_Exercise aim_: Keep the pictures out. Write out every line of the listing exactly.

—————

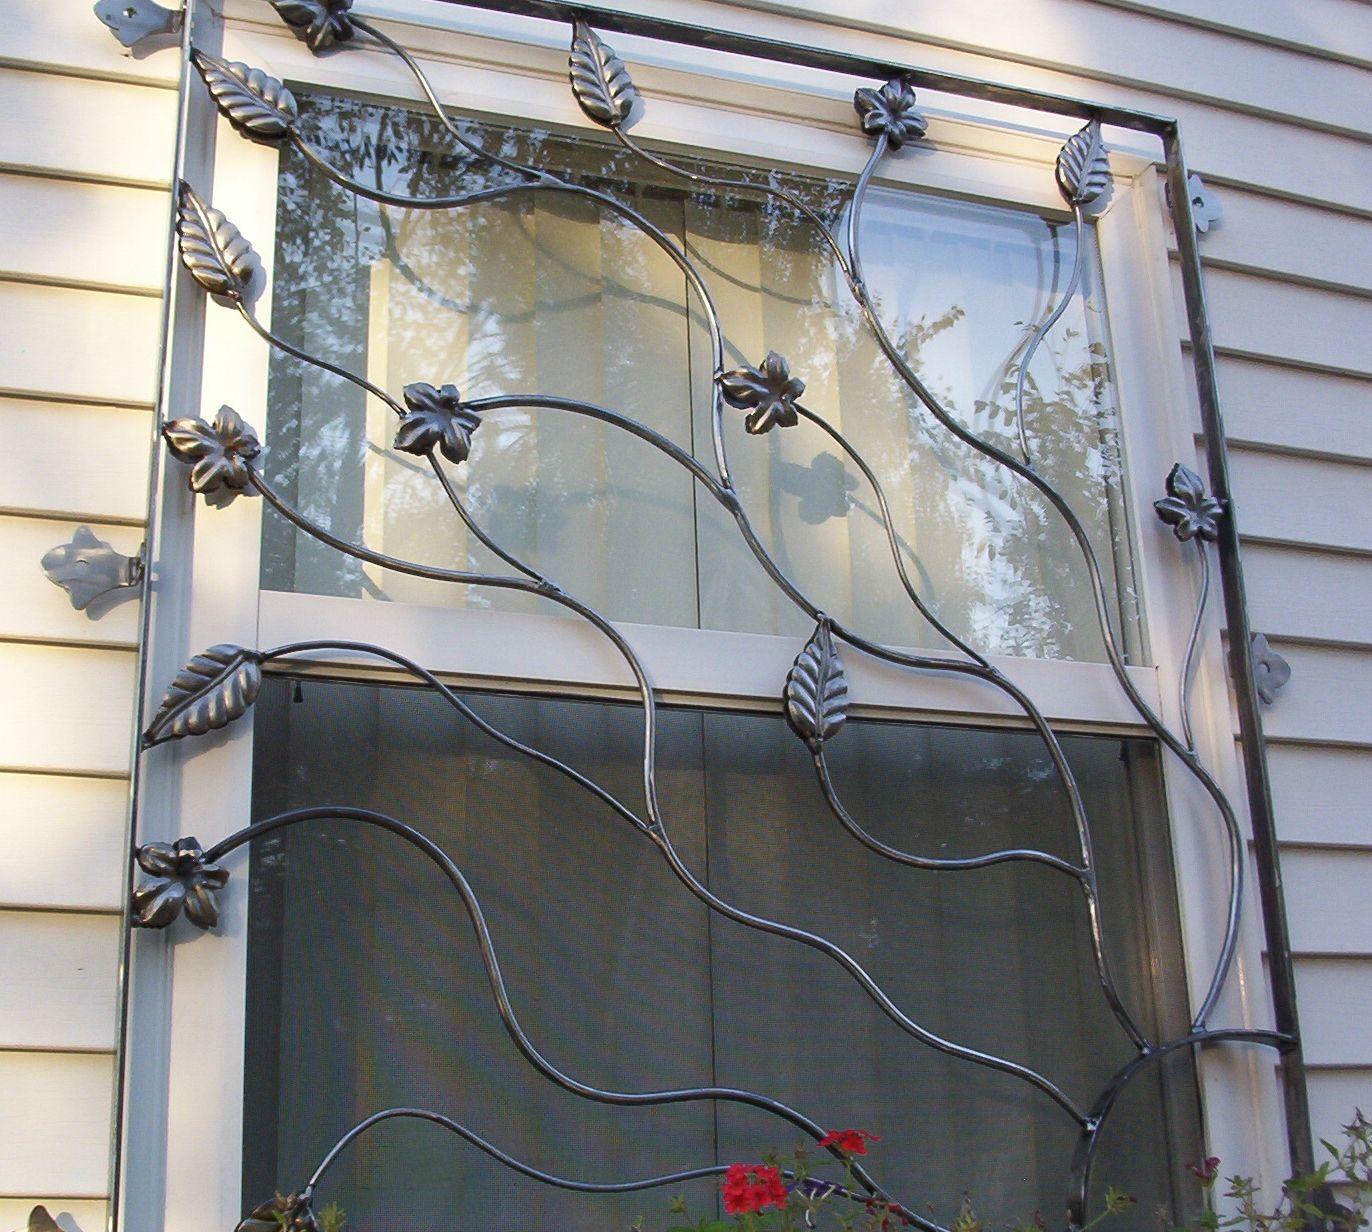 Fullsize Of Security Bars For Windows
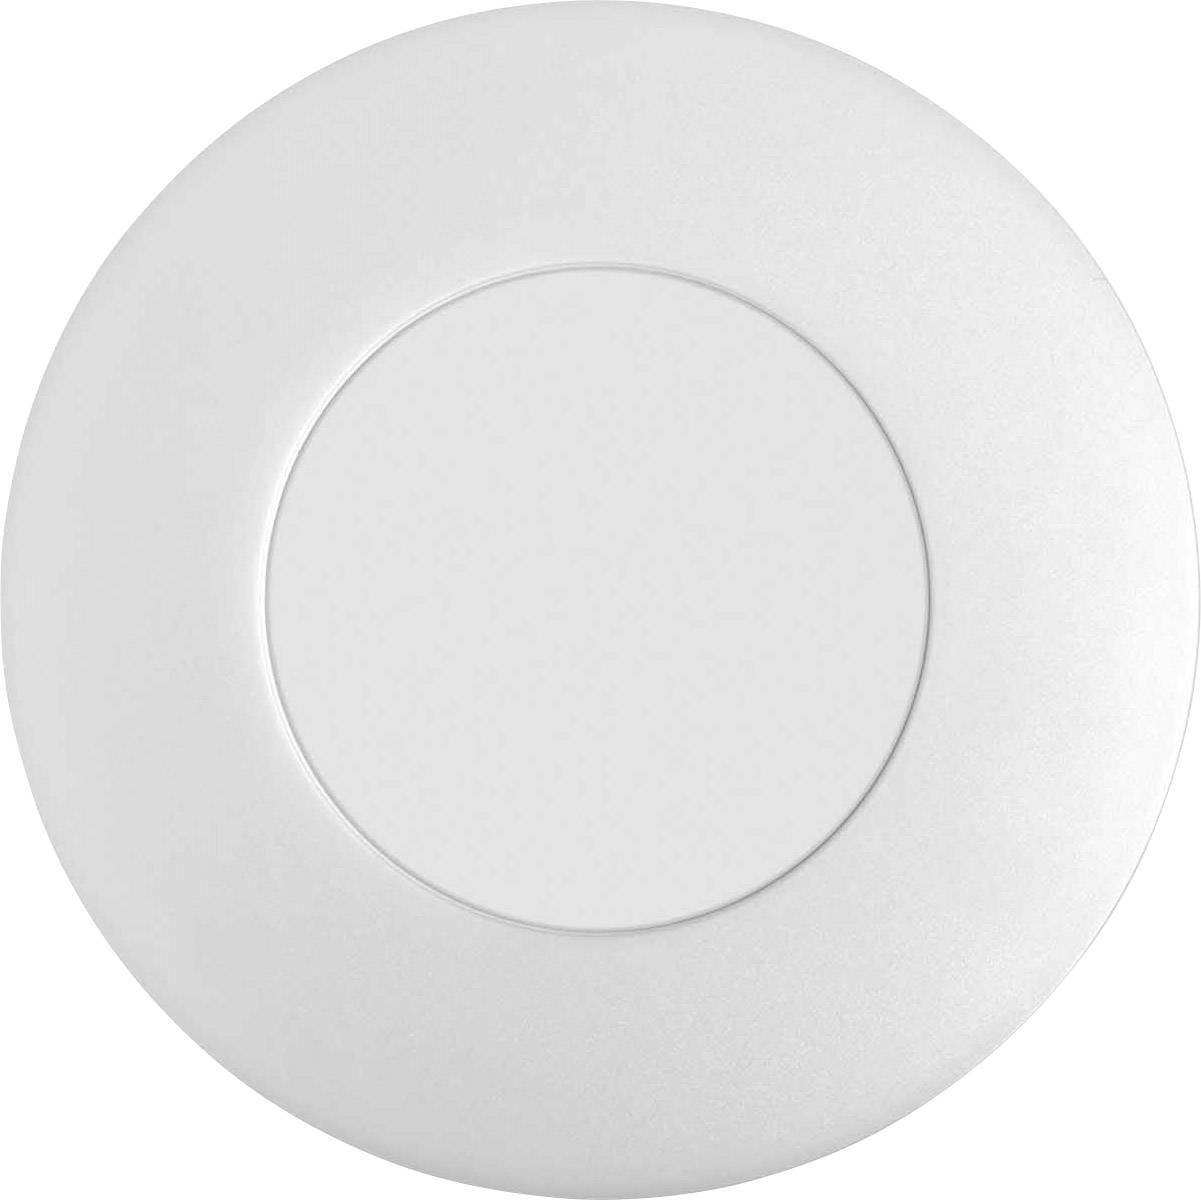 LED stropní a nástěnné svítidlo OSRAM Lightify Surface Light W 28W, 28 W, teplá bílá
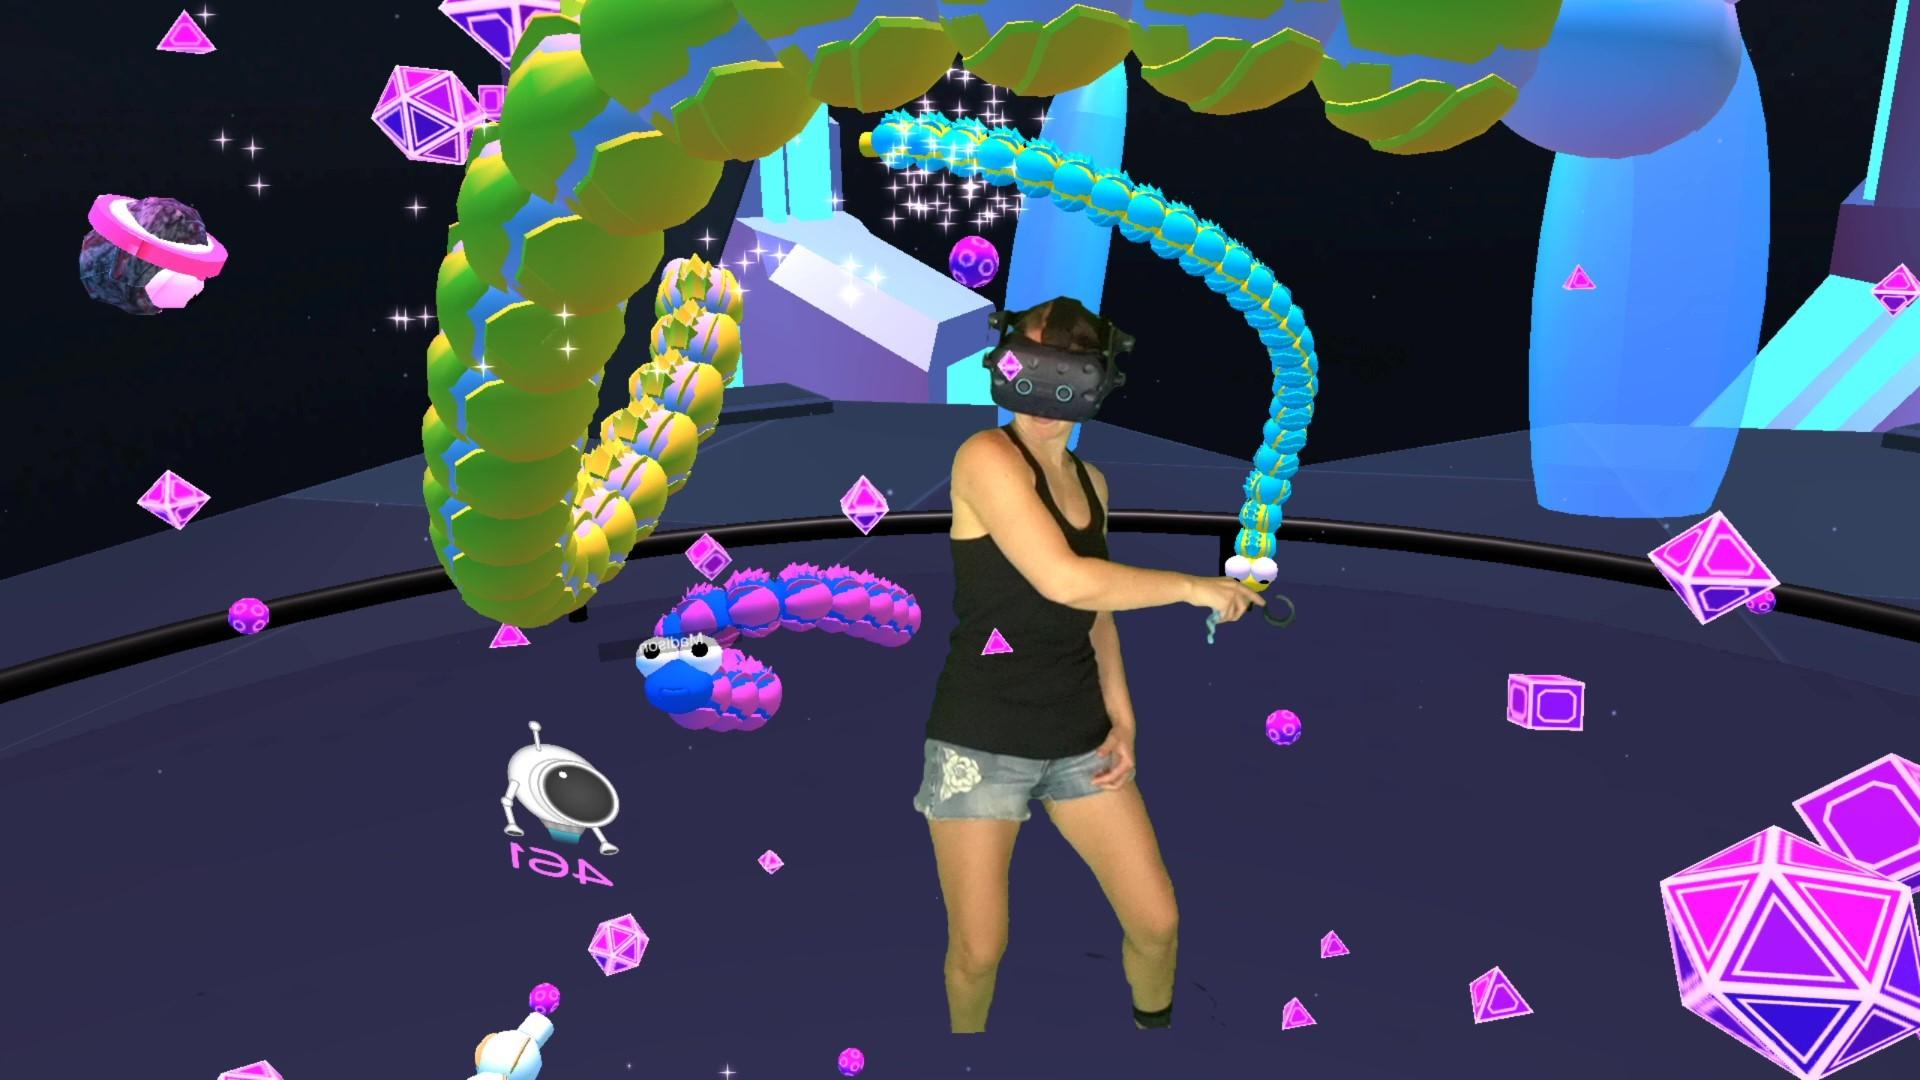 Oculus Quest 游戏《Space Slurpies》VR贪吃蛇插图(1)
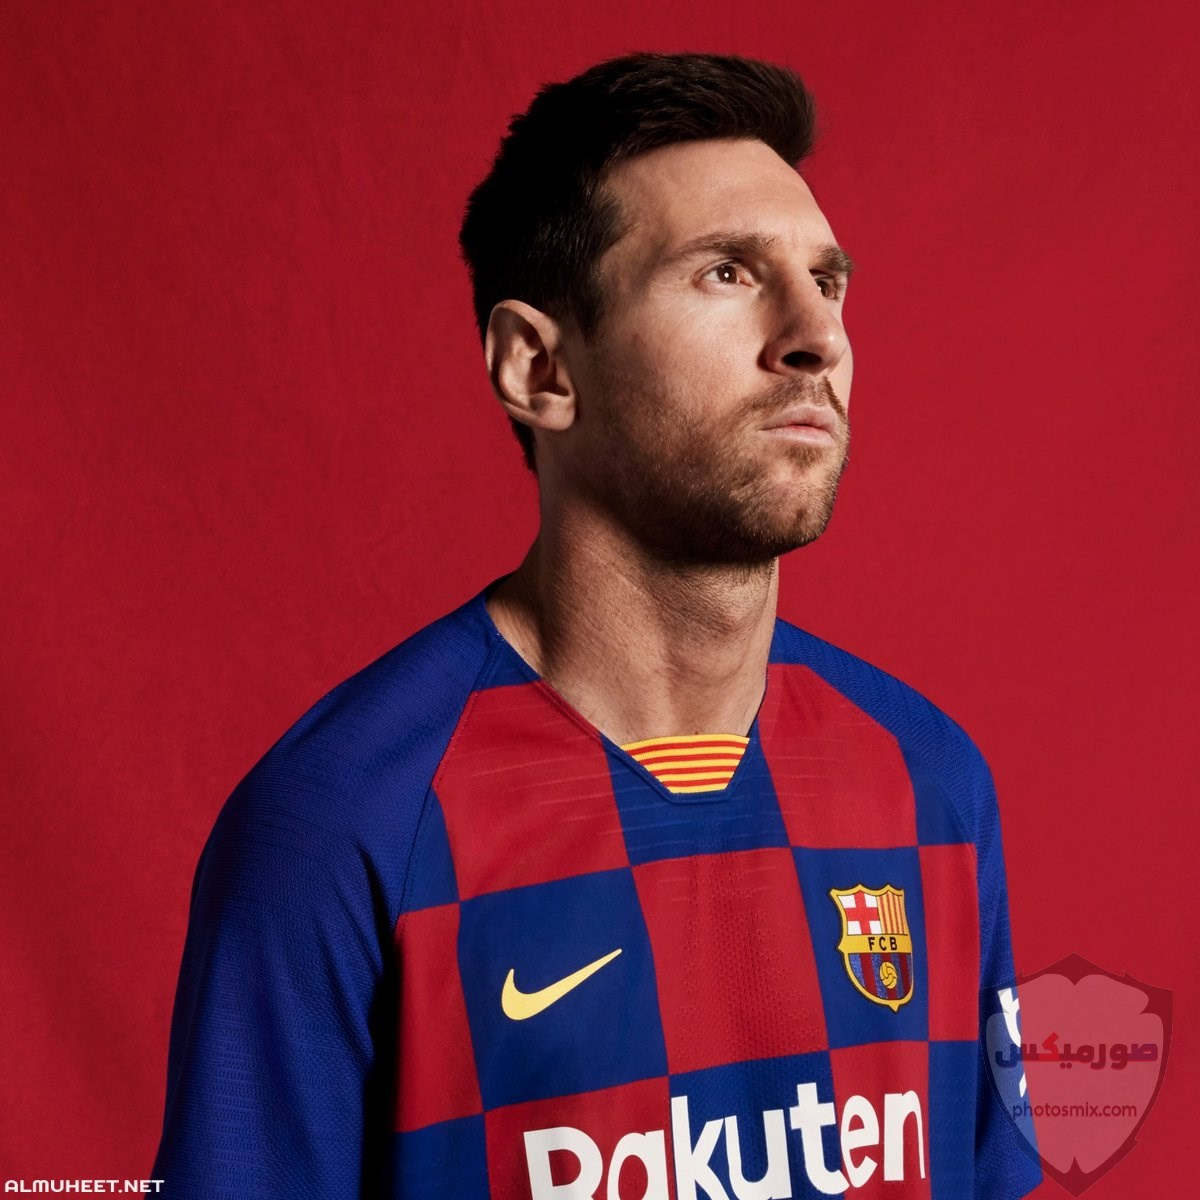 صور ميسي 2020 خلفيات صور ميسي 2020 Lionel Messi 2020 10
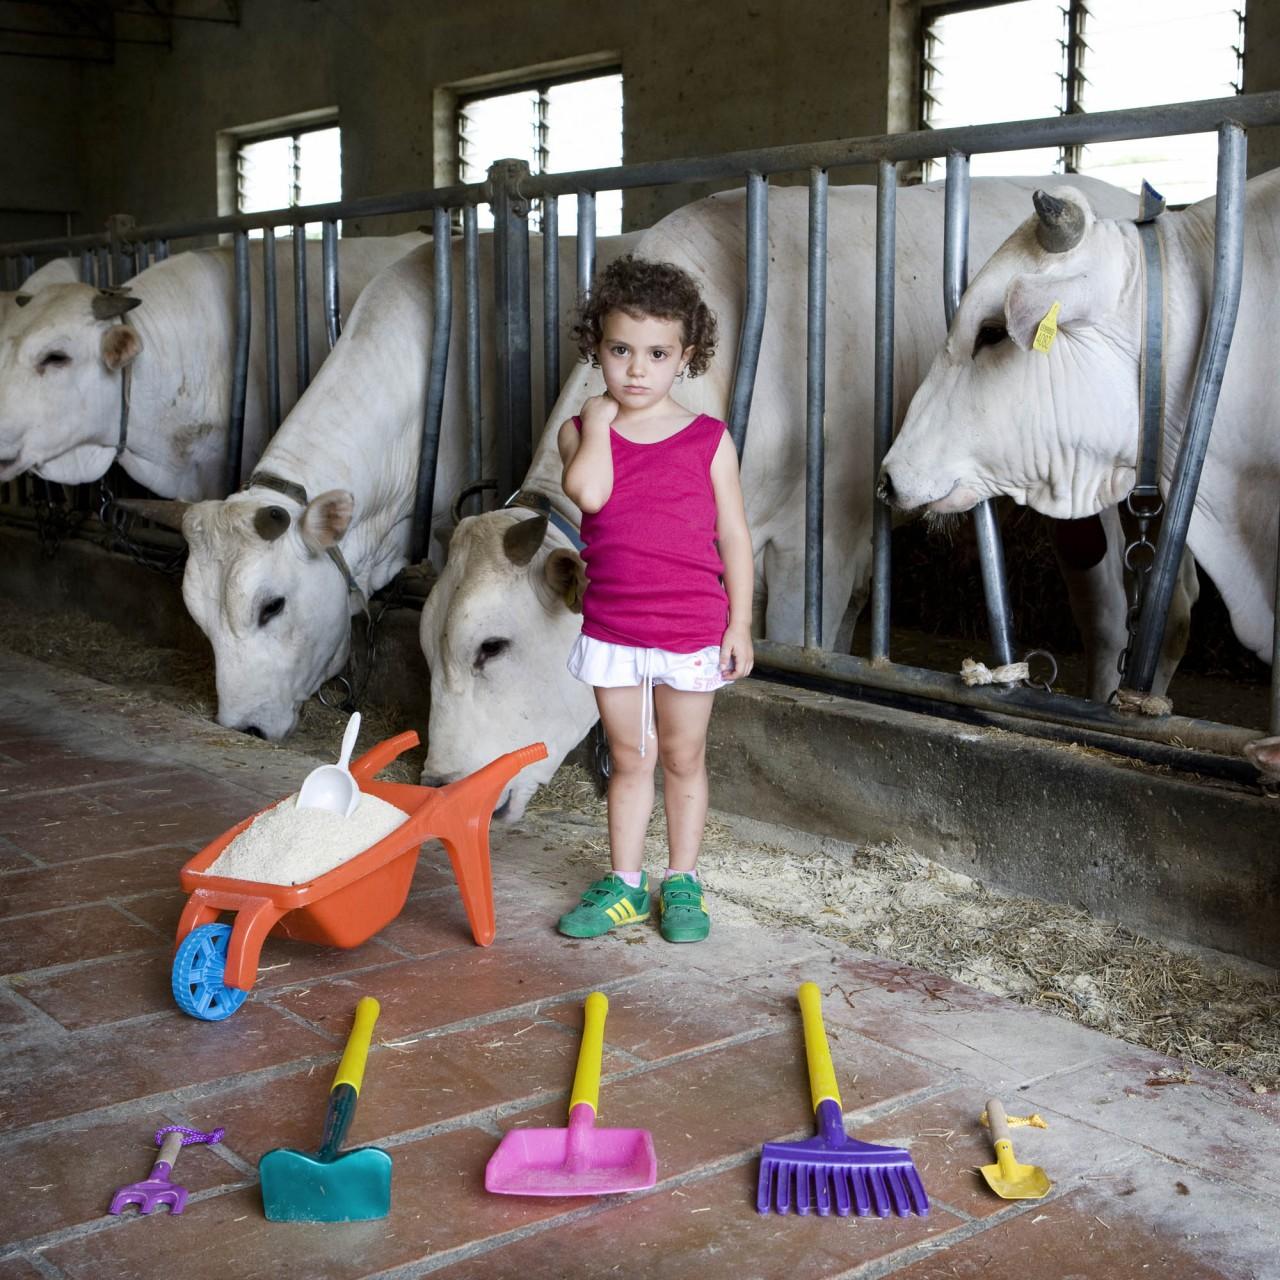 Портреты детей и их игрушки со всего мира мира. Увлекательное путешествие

—————

_Response to this exercise_:
 Fullsize Of Security Bars For Windows
 LED stropní a nástěnné svítidlo OSRAM Lightify Surface Light W 28W, 28 W, teplá bílá
 Oculus Quest 游戏《Space Slurpies》VR贪吃蛇插图(1)
 صور ميسي 2020 خلفيات صور ميسي 2020 Lionel Messi 2020 10
 Портреты детей и их игрушки со всего мира мира. Увлекательное путешествие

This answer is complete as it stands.